— Да я и сам в последнее время думаю, что же у нас произошло на самом деле. Ты малой был, а я ведь и пионером являлся, и комсомольцем стать успел — больше полувека прожил, это тебе всего сорок годков. И крушение прежнего мира видел, где в головы вбивали — человек человеку брат. И страна на моих глазах распалась, и «братья» друг друга начали убивать, а бывшие комсомольцы в бандитов превратились. Ощущение до сих пор, что в фильме ужасов оказался, причем все оказалось жуткой обыденностью — вроде рядом жили люди, друг другу помогали, а потом многие из них оказались оборотнями, и поперла из них самая натуральная
Оба, не сговариваясь, посмотрели в окно. За прошедшие тридцать пять лет процветающий таежный городок с населением в десять тысяч жителей превратился в трущобы, которые ведь появились не просто так. Само население позволило это сделать, постоянно находя себе оправдание — «не мы такие, жизнь такая». Именно это утверждение и служит тем «Рубиконом», что отделяет мечты — будущее, от воспоминаний — прошлого. И вот тут большинство людей ломаются духом от этой парадигмы. Потому что считают, что во всех несчастьях виноваты кто угодно, но только не они сами. Именно животный страх есть тот инструмент, с помощью которого «переформатируют» общественное сознание — ведь люди сами выбрали путь нищеты, страданий и вечного пьянства, вороватого мэра, продажных полицейских и бандитов у власти, заколоченных окон в бывшей фабрике.
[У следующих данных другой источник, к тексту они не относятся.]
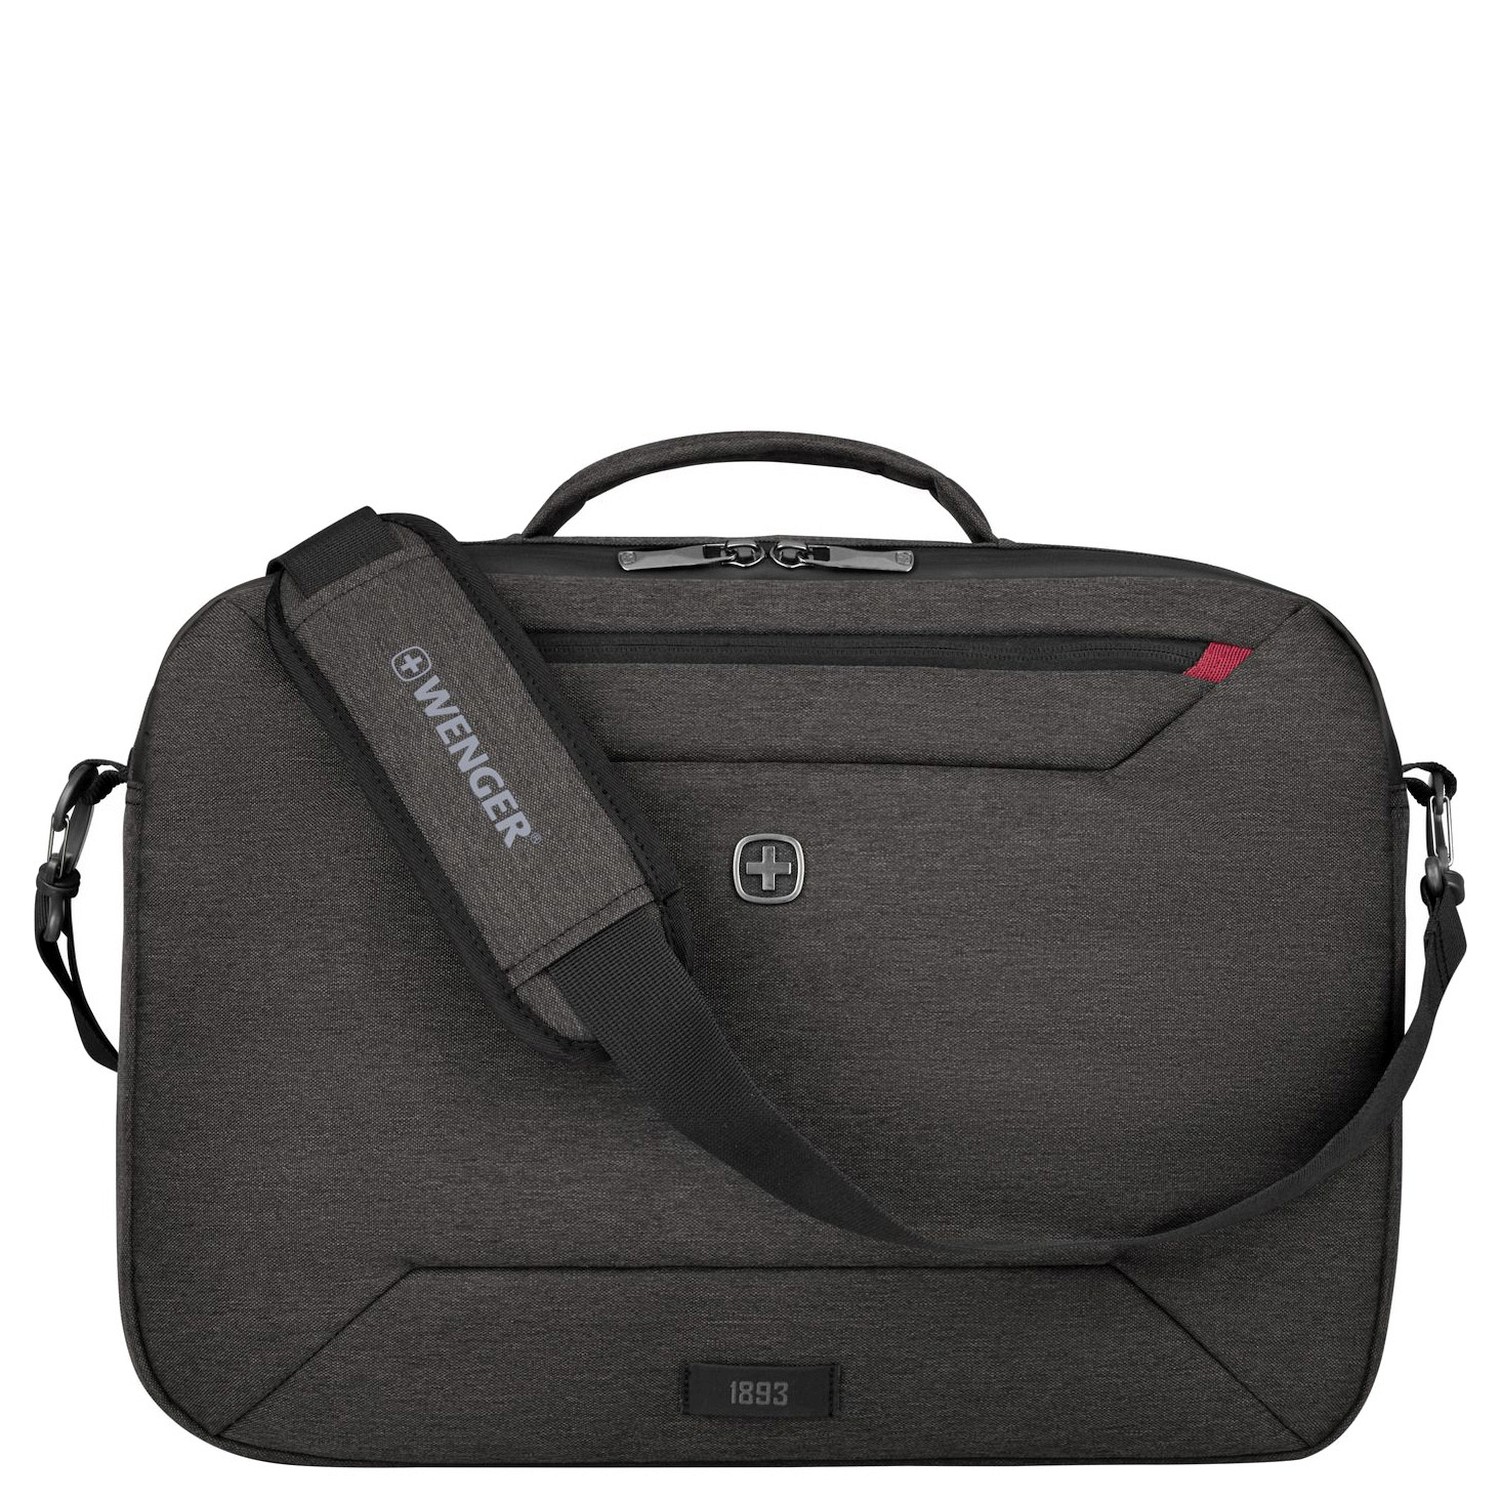 Сумка для ноутбука Wenger MX Commute 16 44 cm, цвет heather grey рюкзак wenger mx reload 14 42 cm laptopfach цвет heather grey

И только шепчут про себя как заклинание — «кого угодно, но только не меня»…
Глава 12
Братья не сговариваясь, закурили. В комнате наступила тягостная тишина — все они прекрасно понимали, видели виды и лучшие, и худшие, и еще ощущали, что самое плохое еще впереди.
— Ты как думаешь, Саня, чем эта война окончится?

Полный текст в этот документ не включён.